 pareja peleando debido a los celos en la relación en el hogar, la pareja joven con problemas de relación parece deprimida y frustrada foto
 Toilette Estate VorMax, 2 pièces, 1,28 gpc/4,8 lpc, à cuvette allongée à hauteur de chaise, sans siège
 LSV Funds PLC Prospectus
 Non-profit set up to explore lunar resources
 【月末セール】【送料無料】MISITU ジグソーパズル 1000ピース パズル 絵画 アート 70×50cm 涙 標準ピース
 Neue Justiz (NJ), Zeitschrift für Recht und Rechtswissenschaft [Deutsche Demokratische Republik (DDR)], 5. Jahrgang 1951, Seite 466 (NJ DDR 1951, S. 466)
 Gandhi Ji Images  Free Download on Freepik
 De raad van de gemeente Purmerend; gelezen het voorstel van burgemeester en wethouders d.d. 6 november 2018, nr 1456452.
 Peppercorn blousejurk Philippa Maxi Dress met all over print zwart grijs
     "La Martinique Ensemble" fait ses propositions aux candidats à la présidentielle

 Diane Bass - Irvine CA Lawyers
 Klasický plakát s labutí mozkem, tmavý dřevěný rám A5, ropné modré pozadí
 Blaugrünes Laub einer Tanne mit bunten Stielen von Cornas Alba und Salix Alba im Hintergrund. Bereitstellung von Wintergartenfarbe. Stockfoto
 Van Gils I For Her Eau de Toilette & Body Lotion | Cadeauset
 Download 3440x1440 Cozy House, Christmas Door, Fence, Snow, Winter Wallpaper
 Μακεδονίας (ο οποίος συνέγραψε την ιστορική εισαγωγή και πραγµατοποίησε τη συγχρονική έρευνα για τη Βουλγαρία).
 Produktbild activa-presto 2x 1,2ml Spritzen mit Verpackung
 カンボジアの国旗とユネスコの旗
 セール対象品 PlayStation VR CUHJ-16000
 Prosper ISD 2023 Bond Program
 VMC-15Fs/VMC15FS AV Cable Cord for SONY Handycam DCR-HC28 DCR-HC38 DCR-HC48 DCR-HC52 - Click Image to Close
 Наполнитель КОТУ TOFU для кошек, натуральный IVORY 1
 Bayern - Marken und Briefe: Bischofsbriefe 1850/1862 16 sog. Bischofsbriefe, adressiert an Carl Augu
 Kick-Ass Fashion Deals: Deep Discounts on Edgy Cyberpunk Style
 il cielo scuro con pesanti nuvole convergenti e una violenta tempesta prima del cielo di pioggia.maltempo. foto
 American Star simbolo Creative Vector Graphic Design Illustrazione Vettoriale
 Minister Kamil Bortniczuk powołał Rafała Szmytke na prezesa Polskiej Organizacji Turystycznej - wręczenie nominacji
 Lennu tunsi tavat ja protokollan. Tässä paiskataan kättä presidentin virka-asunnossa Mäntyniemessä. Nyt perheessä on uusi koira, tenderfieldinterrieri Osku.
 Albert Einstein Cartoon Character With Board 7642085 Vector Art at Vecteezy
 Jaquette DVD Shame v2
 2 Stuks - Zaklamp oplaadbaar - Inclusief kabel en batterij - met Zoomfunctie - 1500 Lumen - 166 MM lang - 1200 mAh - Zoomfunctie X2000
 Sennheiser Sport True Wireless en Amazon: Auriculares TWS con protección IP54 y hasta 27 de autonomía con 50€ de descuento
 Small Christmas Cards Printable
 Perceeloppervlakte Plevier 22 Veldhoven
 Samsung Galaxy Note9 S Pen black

——

• **Exercise brief**:
A verbatim transcription is needed of the lines above, starting at the line with "Diane Bass - Irvine CA Lawyers" and ending at the line with "Minister Kamil Bortniczuk", both included, and of nothing else.

• **Task result**:
 Diane Bass - Irvine CA Lawyers
 Klasický plakát s labutí mozkem, tmavý dřevěný rám A5, ropné modré pozadí
 Blaugrünes Laub einer Tanne mit bunten Stielen von Cornas Alba und Salix Alba im Hintergrund. Bereitstellung von Wintergartenfarbe. Stockfoto
 Van Gils I For Her Eau de Toilette & Body Lotion | Cadeauset
 Download 3440x1440 Cozy House, Christmas Door, Fence, Snow, Winter Wallpaper
 Μακεδονίας (ο οποίος συνέγραψε την ιστορική εισαγωγή και πραγµατοποίησε τη συγχρονική έρευνα για τη Βουλγαρία).
 Produktbild activa-presto 2x 1,2ml Spritzen mit Verpackung
 カンボジアの国旗とユネスコの旗
 セール対象品 PlayStation VR CUHJ-16000
 Prosper ISD 2023 Bond Program
 VMC-15Fs/VMC15FS AV Cable Cord for SONY Handycam DCR-HC28 DCR-HC38 DCR-HC48 DCR-HC52 - Click Image to Close
 Наполнитель КОТУ TOFU для кошек, натуральный IVORY 1
 Bayern - Marken und Briefe: Bischofsbriefe 1850/1862 16 sog. Bischofsbriefe, adressiert an Carl Augu
 Kick-Ass Fashion Deals: Deep Discounts on Edgy Cyberpunk Style
 il cielo scuro con pesanti nuvole convergenti e una violenta tempesta prima del cielo di pioggia.maltempo. foto
 American Star simbolo Creative Vector Graphic Design Illustrazione Vettoriale
 Minister Kamil Bortniczuk powołał Rafała Szmytke na prezesa Polskiej Organizacji Turystycznej - wręczenie nominacji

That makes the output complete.